Ground cover analysis via image processing
Josephinum Research is working on a method to automatically determine the degree of soil coverage by a crop from images in its "SoilCover" research project. The system uses an algorithm is based on an automatic pixel-wise classification of ground images of the earth into either crop residues, living plant material and stones. Images are taken via a smartphone or conventional camera from a height of one meter. If several images are recorded from a field, the entire ground coverage can be calculated.
The evaluation is carried out by means of mobile data acquisition, and via a client/server architecture. The result is immediately available to the user, for example via a smartphone app. The results obtained are intended to represent a basis for further commercial and scientific utilization in agricultural technology as it will allow a more efficient way of working.
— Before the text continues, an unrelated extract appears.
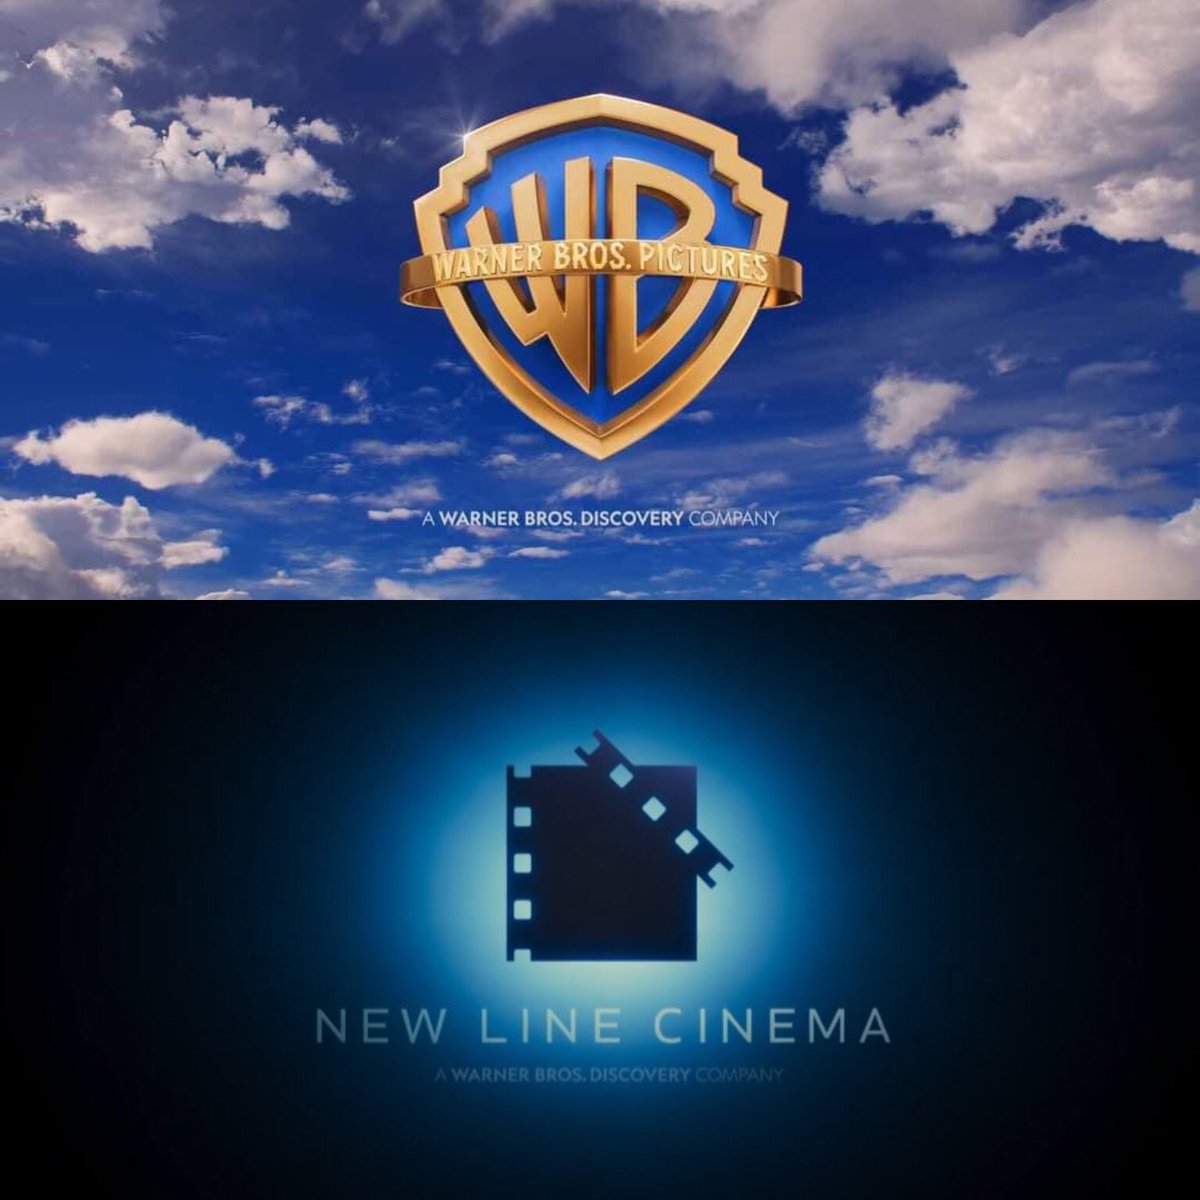 We literally got updated logo recreations of both @wbpictures and @newlinecinema 🎥

Agrifusion research project
The Weihenstephan-Triesdorf University of Applied Sciences is investigating new procedures for generating profit potential maps in its Agrifusion project being carried out in conjunction with Germany’s Federal Ministry of Agriculture and Food, the German Geological Research Center, GeoInformationsDienst GmbH and Fritzmeier Environmental Engineering. Data from individual sensors (including from satellites and drones, yield data, elevation data, soil conductivity and nitrogen absorption) are collected in a networked manner, merged centrally on a server and processed. The aim is to determine the yield potential of soils more precisely, and with these findings the deployment of resources and use of agricultural technology can be optimized. This will generate positive effects for the environment and the income situation of the farmers.